With everyone expected to stay home, the airline industry strongly felt the pandemic’s effects as the majority of the flights got canceled due to travel restrictions in an attempt to contain the spread of the deadly virus. Because of this, the airline industry has been forced to lay off employees or, worst, declare bankruptcy. 

The Aftermath

Government regulations in countries such as the United States and Europe have reiterated that any canceled travel plans because of the Covid-19 pandemic should be refunded in whole to the ticket holders.

Despite this regulation, many airlines have failed to comply with as they have felt the financial brunt during the pandemic. Some airlines opted to provide travel vouchers (that can be claimed until 2022) instead. Still, government regulations were specific in their guideline to give back the refund.

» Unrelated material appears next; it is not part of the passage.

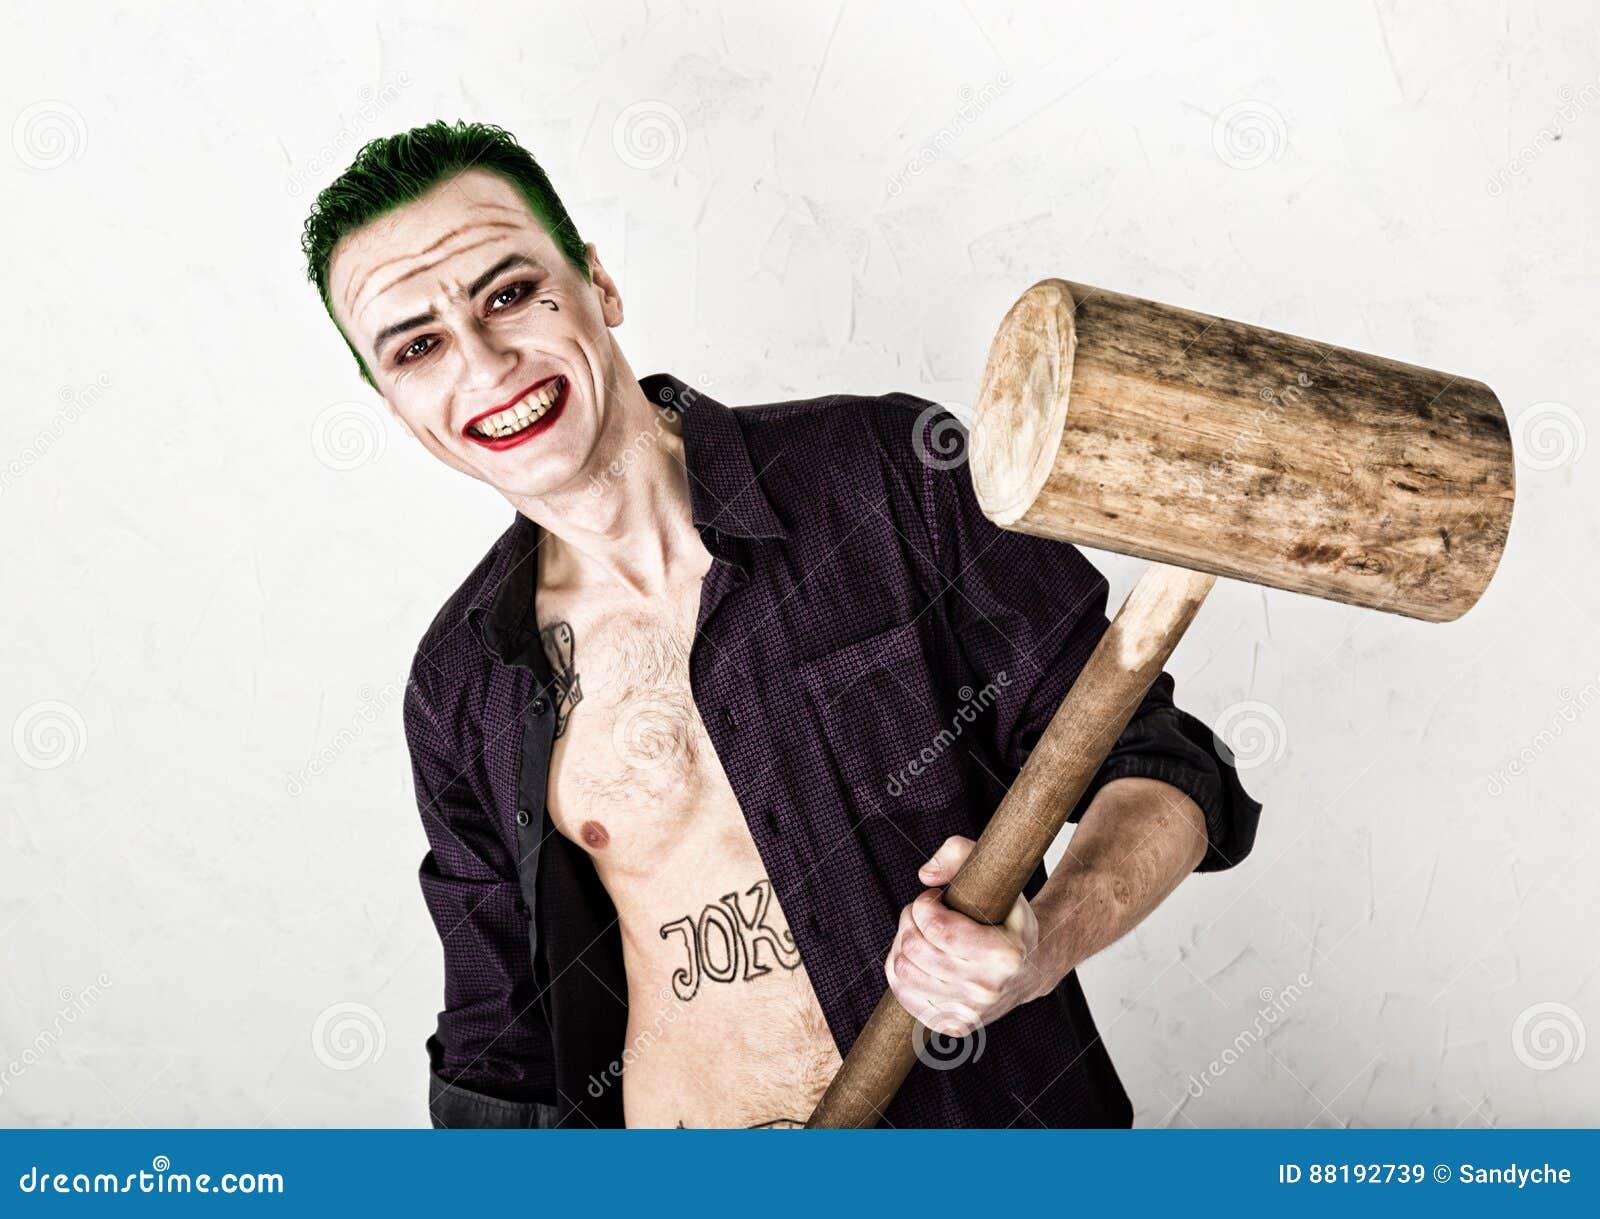 Indivíduo com a cara louca do palhaço, cabelo verde e sorriso idiota traje carnaval guardando o martelo para o grilo

Statistics show a decline of 10% in early March 2020 as the pandemic started to boom globally. By late March, statistics showed a 40% to 60% decline in the aviation industry, with more flights being canceled and fewer individuals attempting to travel, including the imposition of travel restrictions by multiple countries. By April 2020, there was an 80% decline, with flight movements restricted in all countries.

What’s Next?

Because of the aftermath of the pandemic to the aviation industry, many airlines are cutting off employees, including flight attendants. US airlines have cut down flight attendants ranging from 30% to 60% because of the low demand for flights.

Because of these, flight attendants all over the world became creative in ways to earn more money now that their current jobs are unstable because of the pandemic. For example, Susannah Carr, a flight attendant from United Airlines, mentioned she rejoined AppWag to walk dogs through making extra money now that there is a lull in her flights.

Making Ends Meet

In an interview, she mentioned that her previous paycheck was just enough to cover her monthly rent, a place she co-rents with a fellow flight attendant. Since Carr has previous experience in freelance jobs such as online translations and wedding event planner, she is now busy applying for other freelance types of jobs to make ends meet.

She acknowledges that while it is not the dream job, she hoped for right off college, the sense of urgency to make a living so she can survive the pandemic remains to be a top priority.

On the other hand, another flight attendant, Joan Marie Santos, turned to bake cupcakes and pastries during the flight lull. Her passion truly lies with baking, a hobby she only got to do in-between flights. But with the ongoing pandemic and approximately one flight per month (as opposed to her usual 15 flights per month), she started baking and selling her pastries to nearby communities to make ends meet.

With the uncertainty of the pandemic, people, not just flight attendants, have to be flexible and adaptable to the changing times.